Description of the task |
Write the listing below out again in full, dropping its pictures.

Data block |

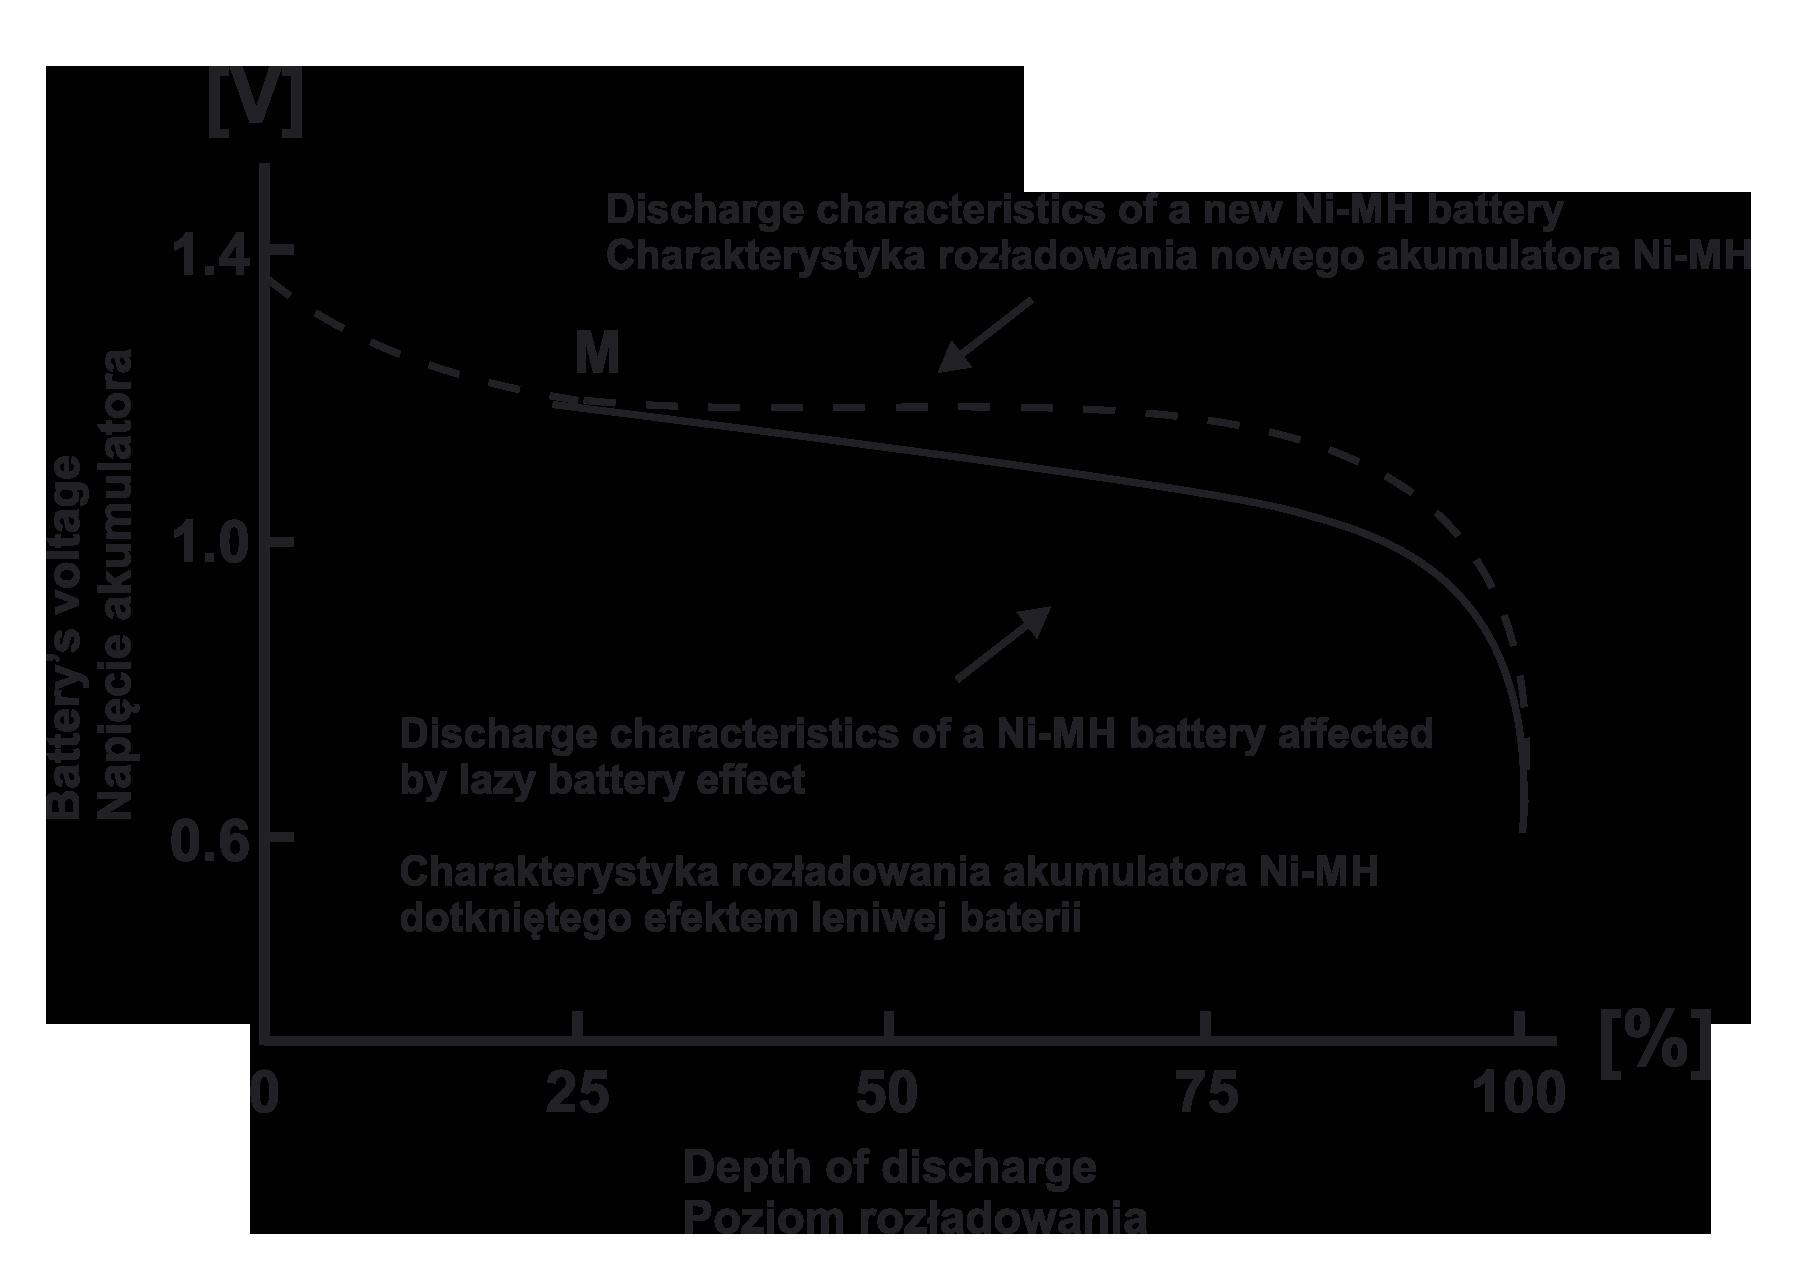 Efekt leniwej baterii w akumulatorach Ni-MH
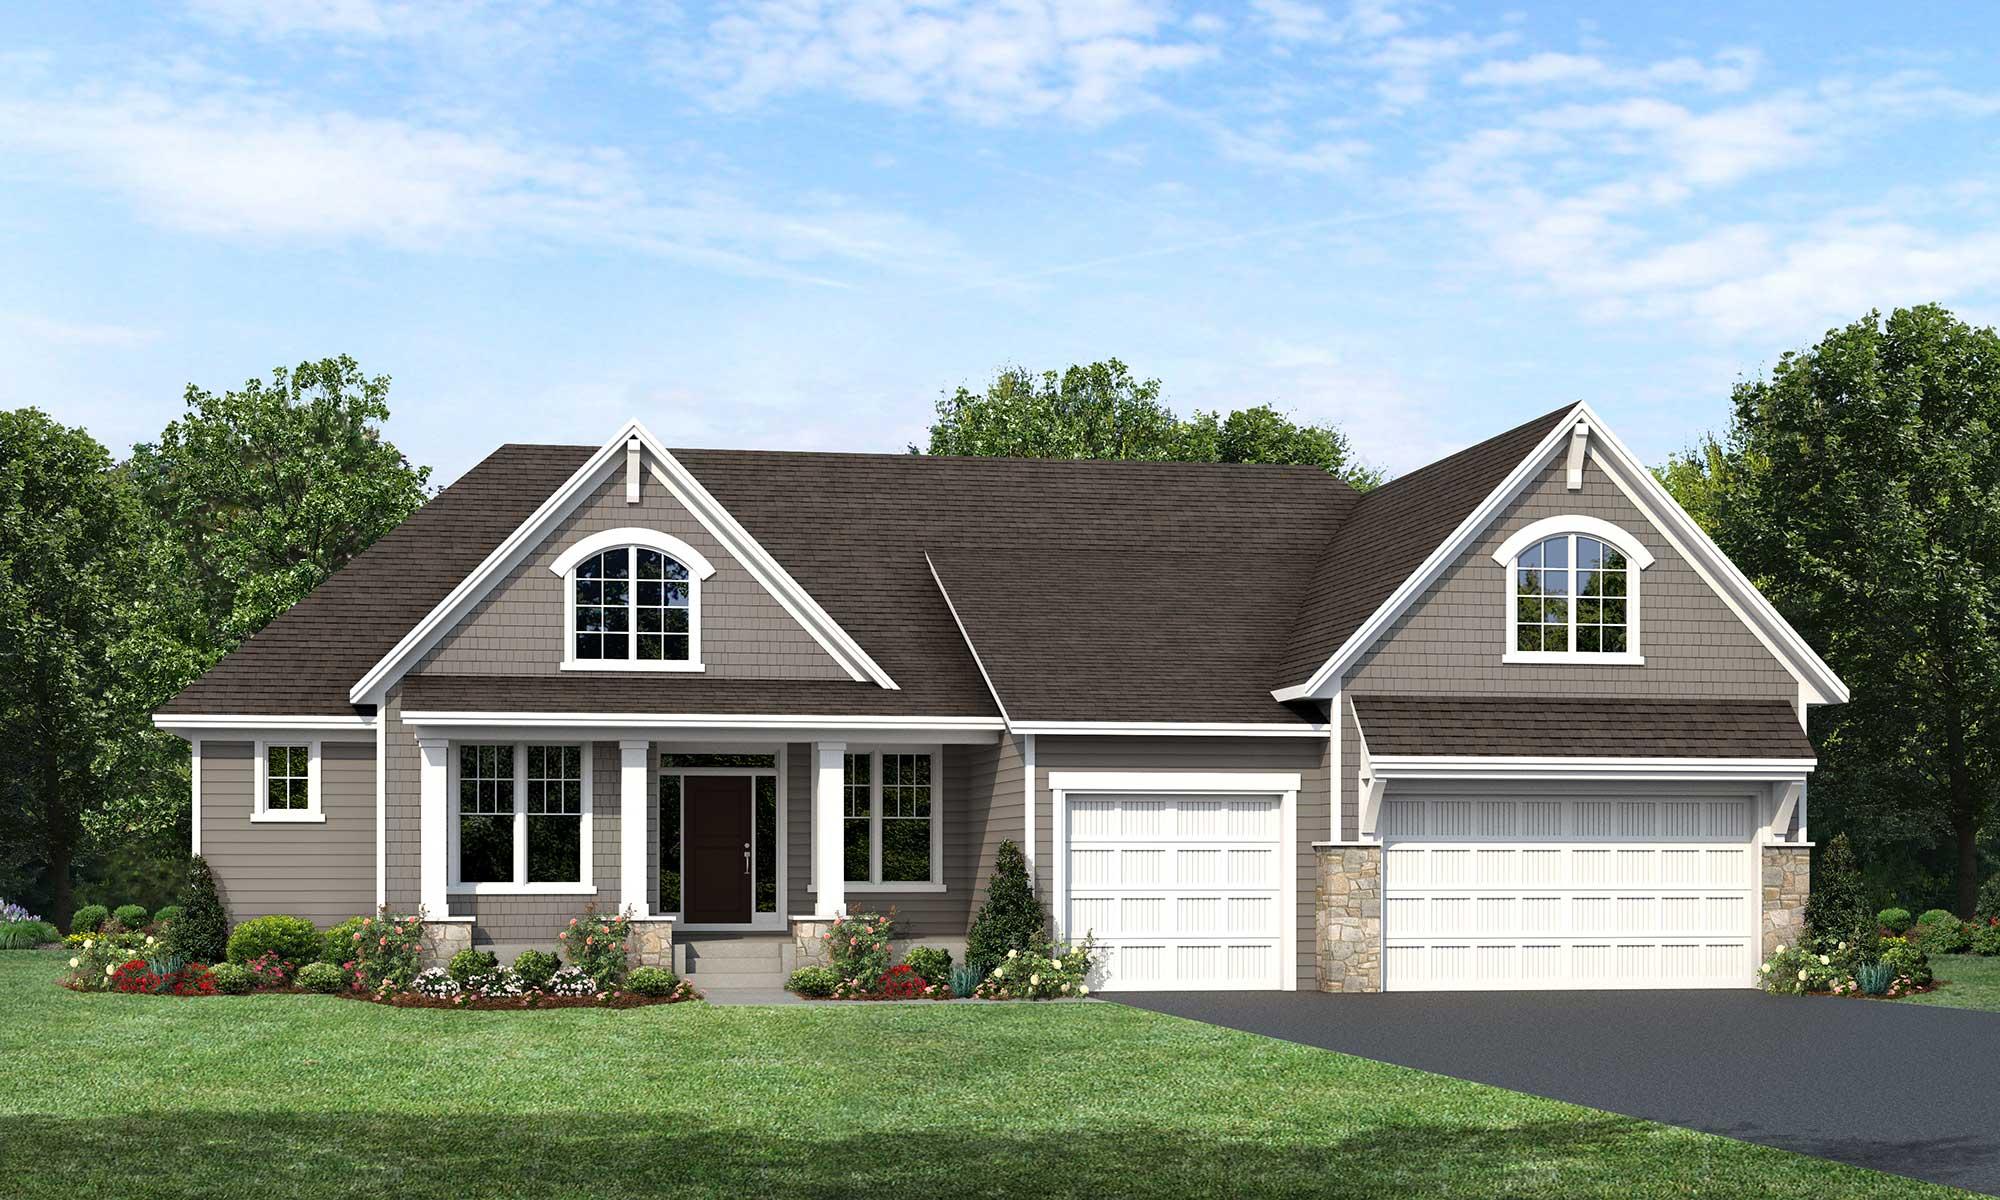 Mississippi home plan Elevation A rendering
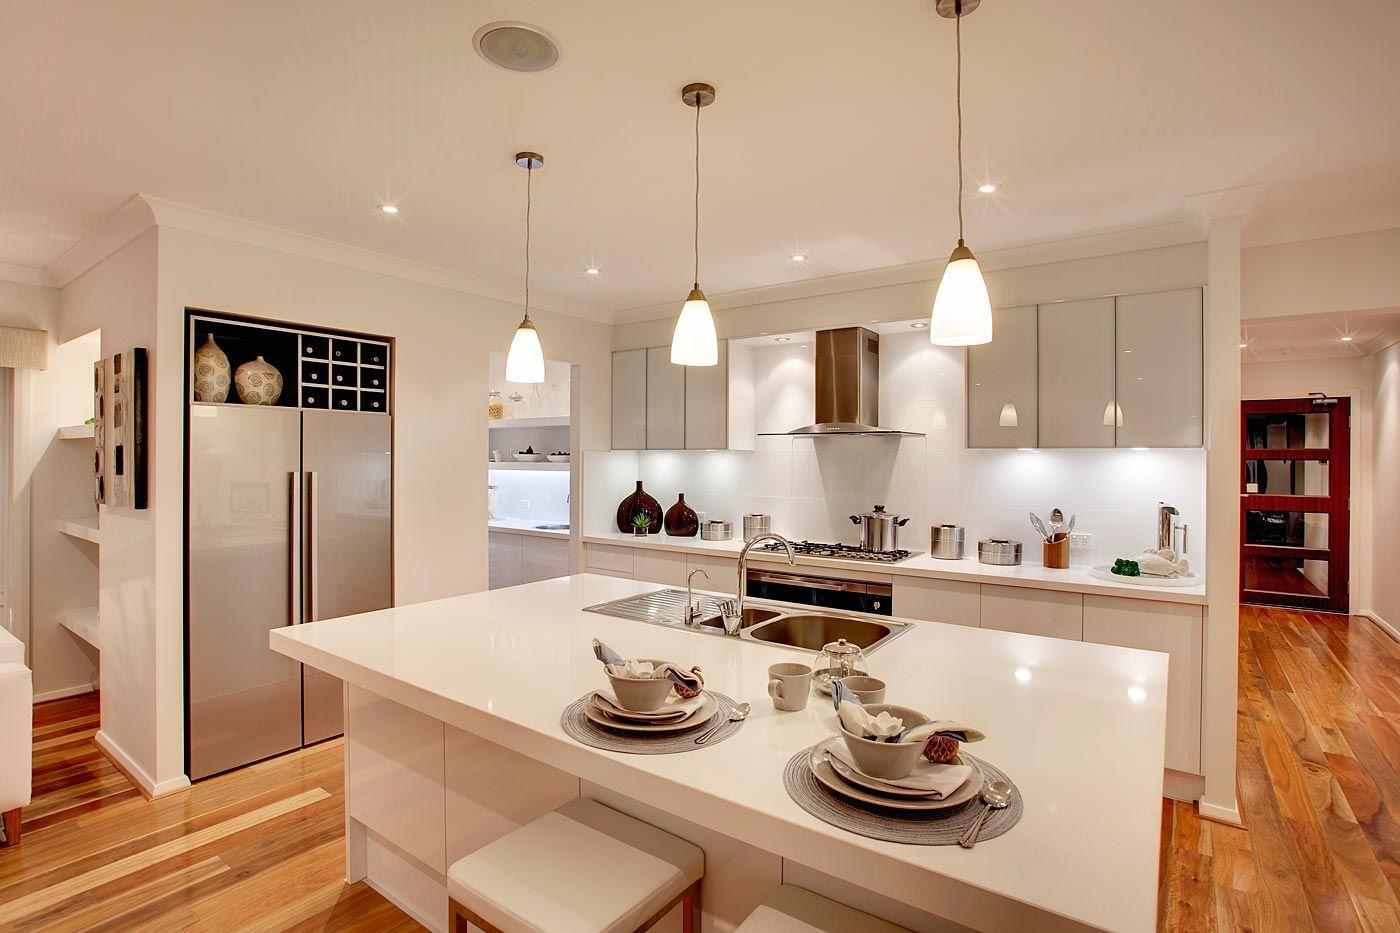 Avoca mcdonald jones homes kitchens pinterest for Mcdonald jones kitchen designs
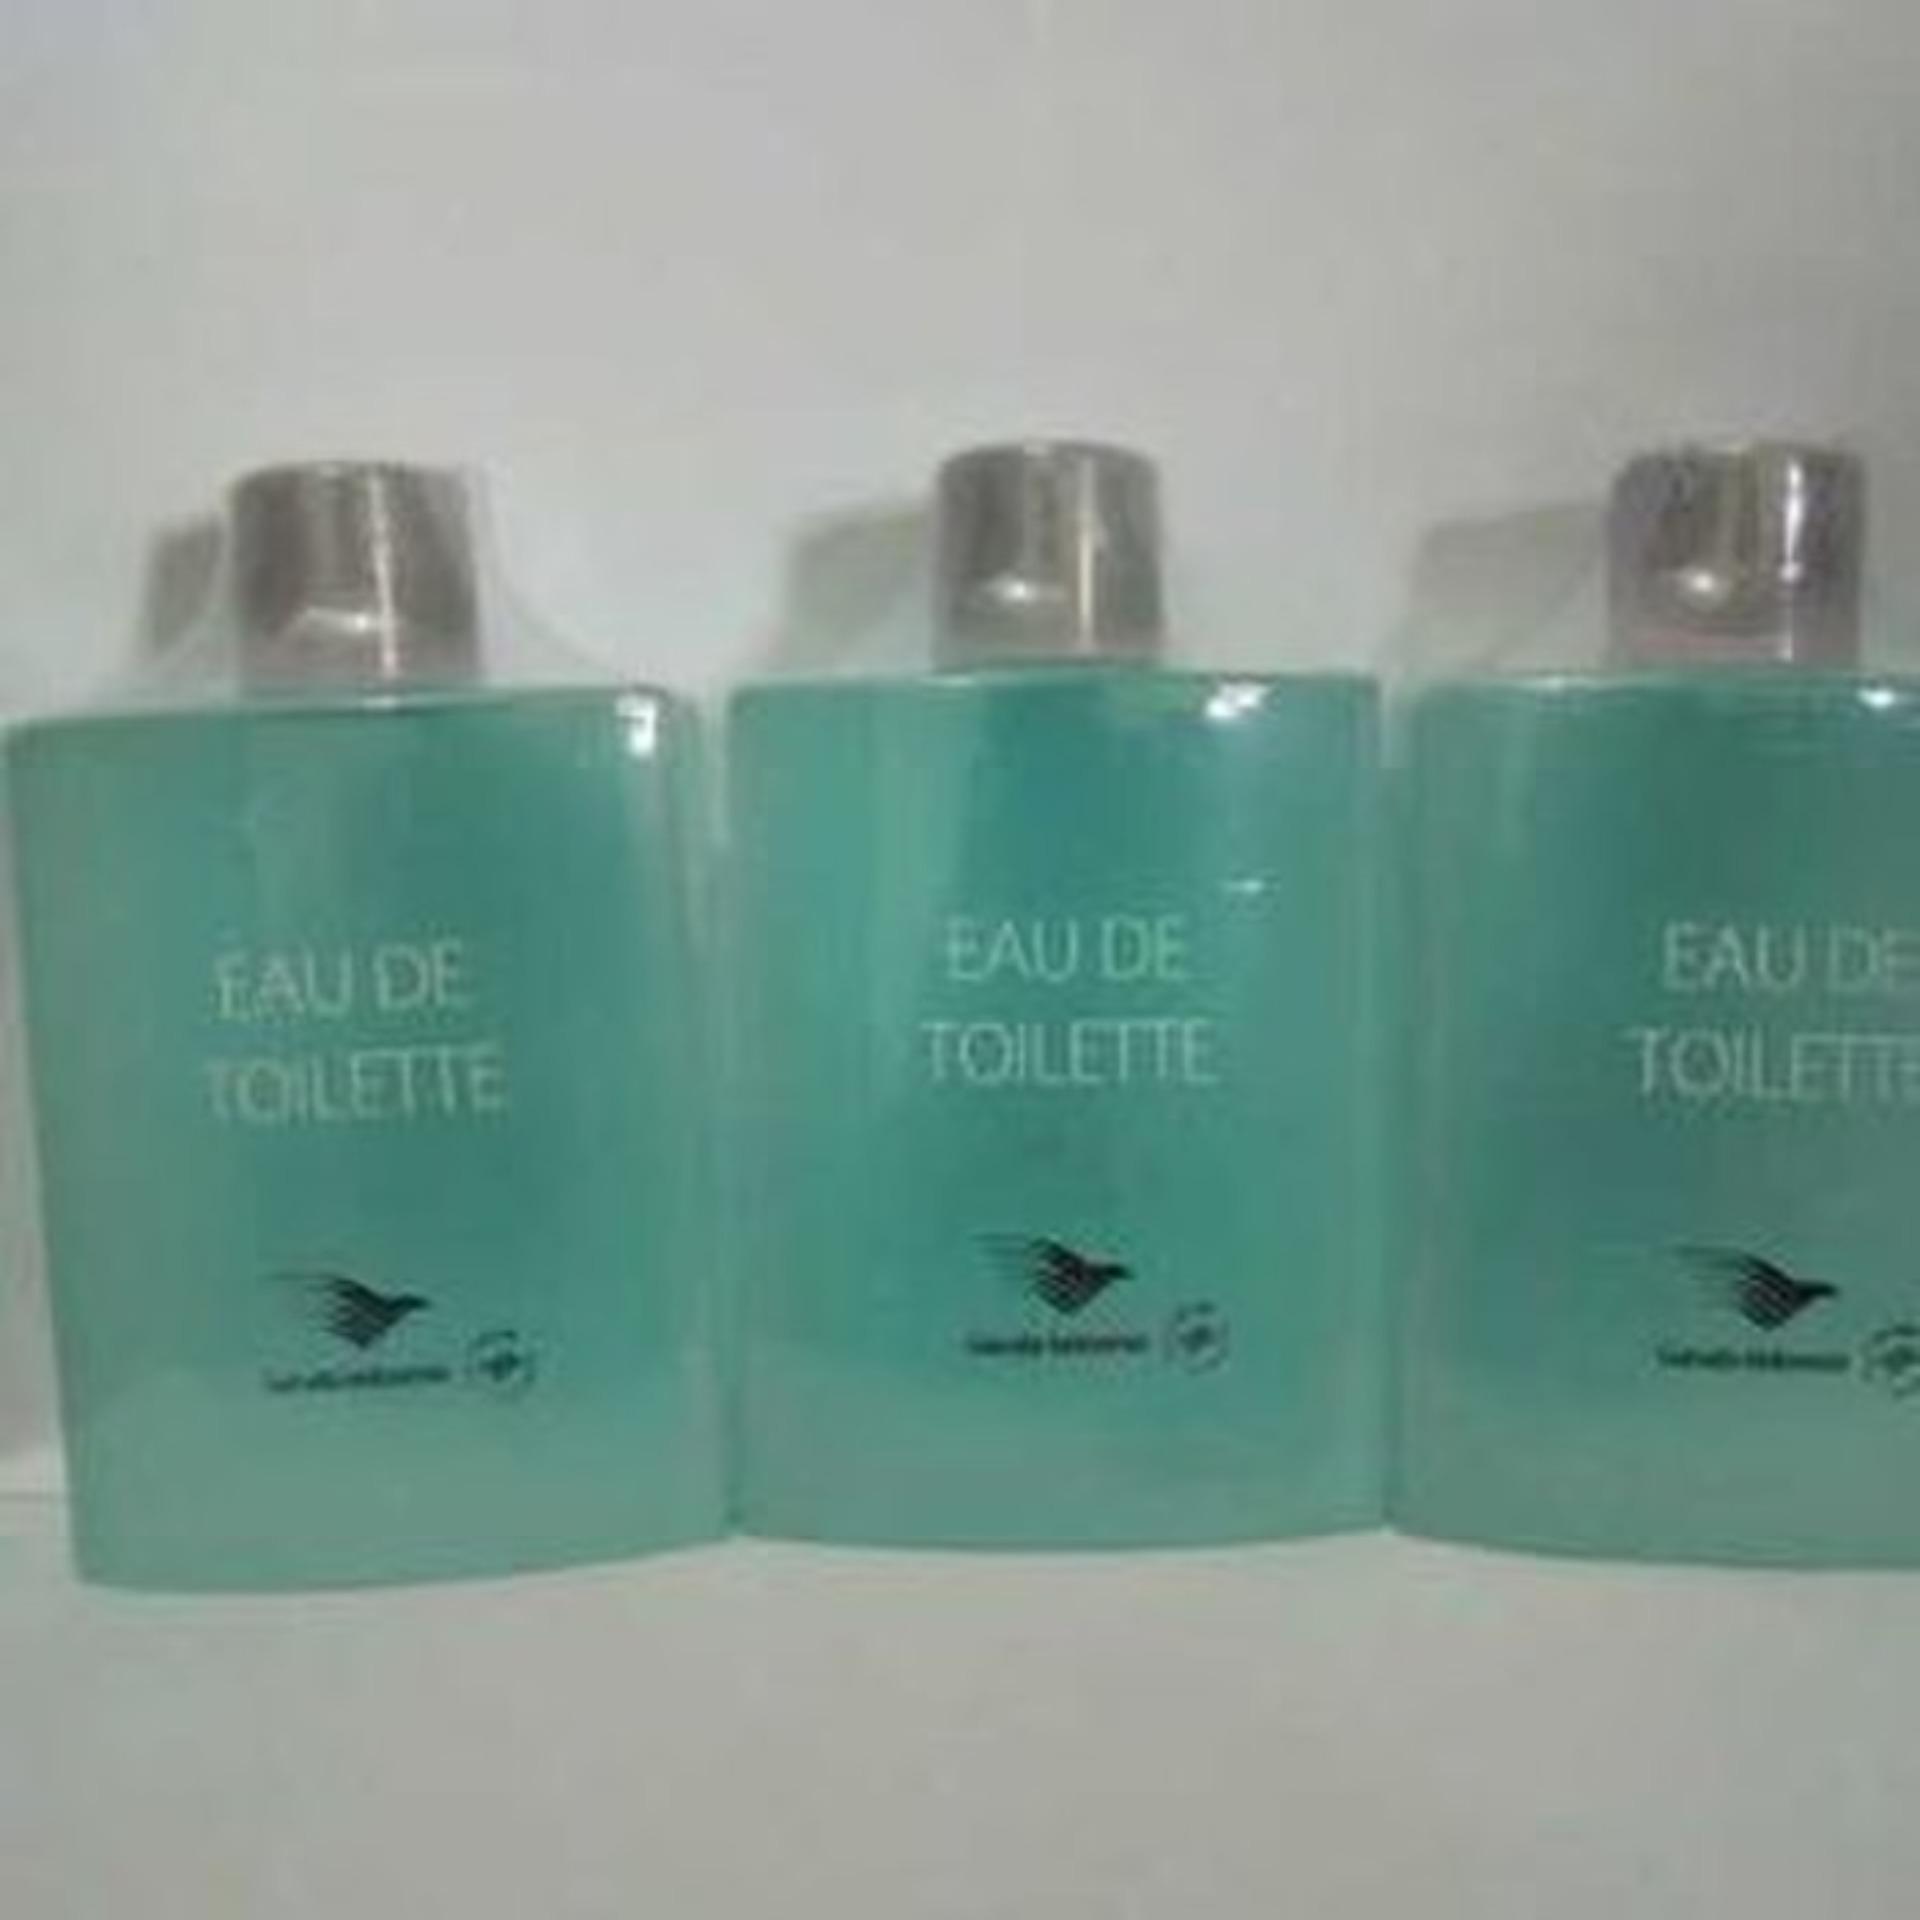 Kehebatan Botol Parfum Spray Plastik 100ml Per 12pc Dan Harga Update Refillable Atomizer Pramugara Pramugari Edt Garuda

Solution to this problem |
 Efekt leniwej baterii w akumulatorach Ni-MH
 Mississippi home plan Elevation A rendering
 Avoca mcdonald jones homes kitchens pinterest for Mcdonald jones kitchen designs
 Kehebatan Botol Parfum Spray Plastik 100ml Per 12pc Dan Harga Update Refillable Atomizer Pramugara Pramugari Edt Garuda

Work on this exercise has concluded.